> **Exercise aim**
Exactly as they appear, retype the lines from the one containing "Lắp răng giả" through the final line of the data below. Leave pictures out.

> **Given information**
[Start of section]

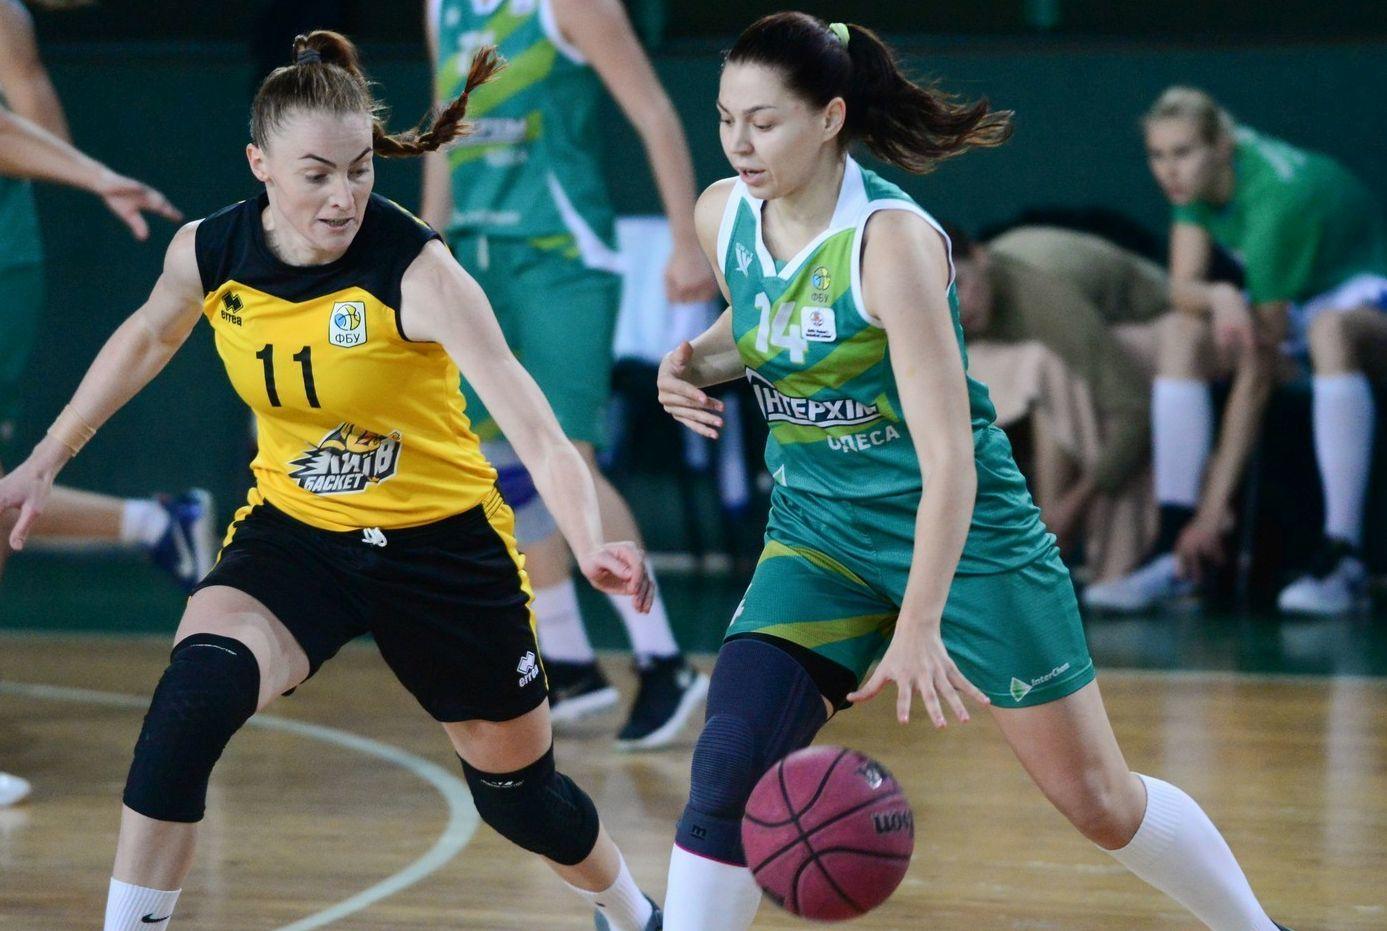 Жіноча Суперліга: Київ-Баскет переміг ІнтерХім-СДЮСШОР
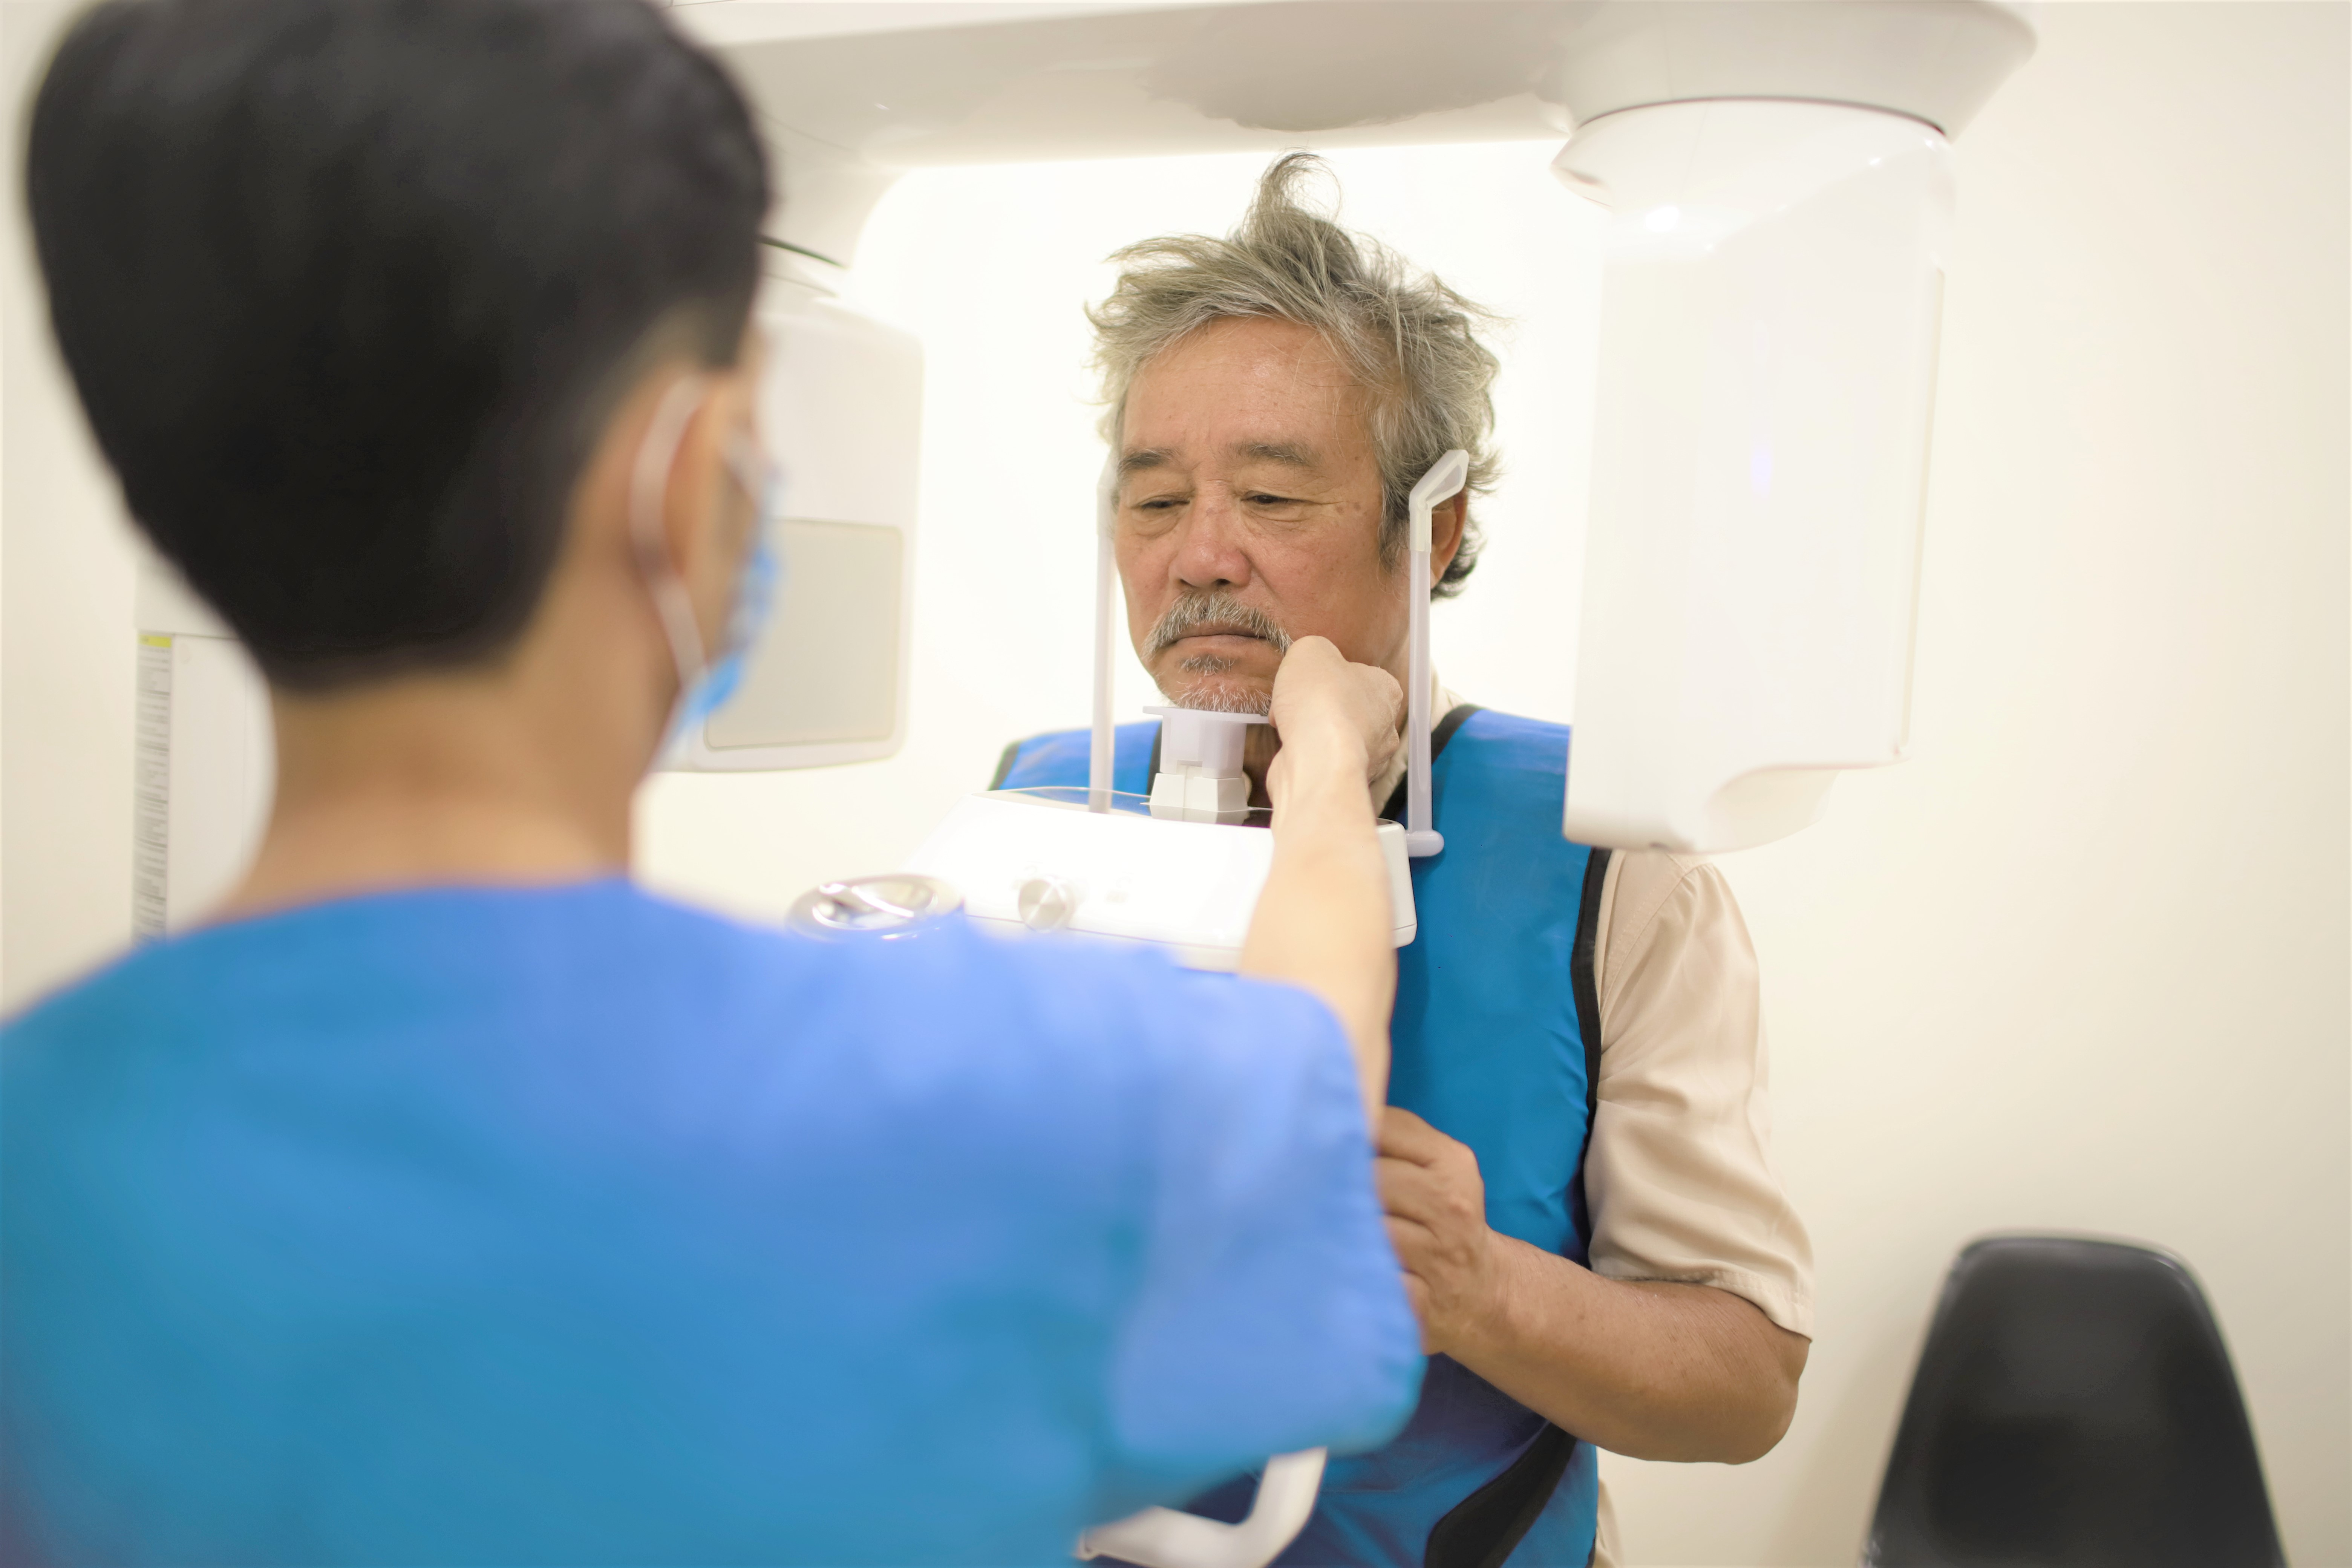 Lắp răng giả bằng hàm tháo lắp hiệu quả, bền đẹp lâu dài 3
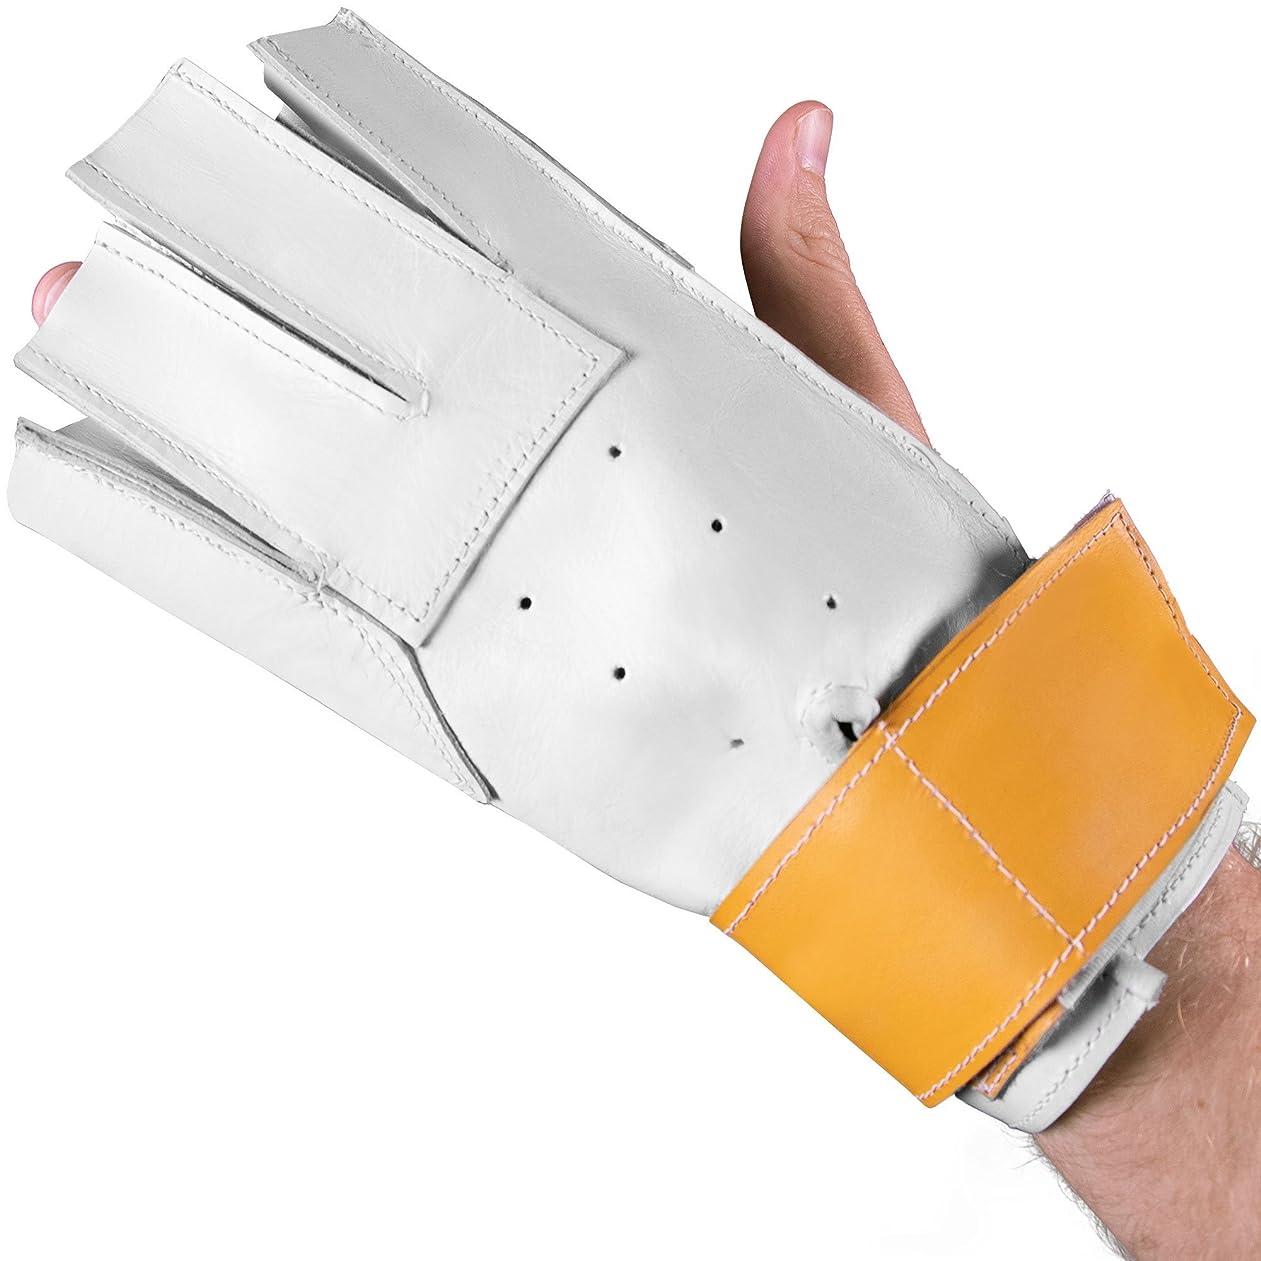 配る資源心臓クラウンスポーツ用品Hammer Throwグローブ、Left Handフィットfor Right Handed Throwers?–?トラック&フィールド機器のベスト?プラクティス、トレーニング、競技会

[End of section]

> **Exercise output**
 Lắp răng giả bằng hàm tháo lắp hiệu quả, bền đẹp lâu dài 3
 配る資源心臓クラウンスポーツ用品Hammer Throwグローブ、Left Handフィットfor Right Handed Throwers?–?トラック&フィールド機器のベスト?プラクティス、トレーニング、競技会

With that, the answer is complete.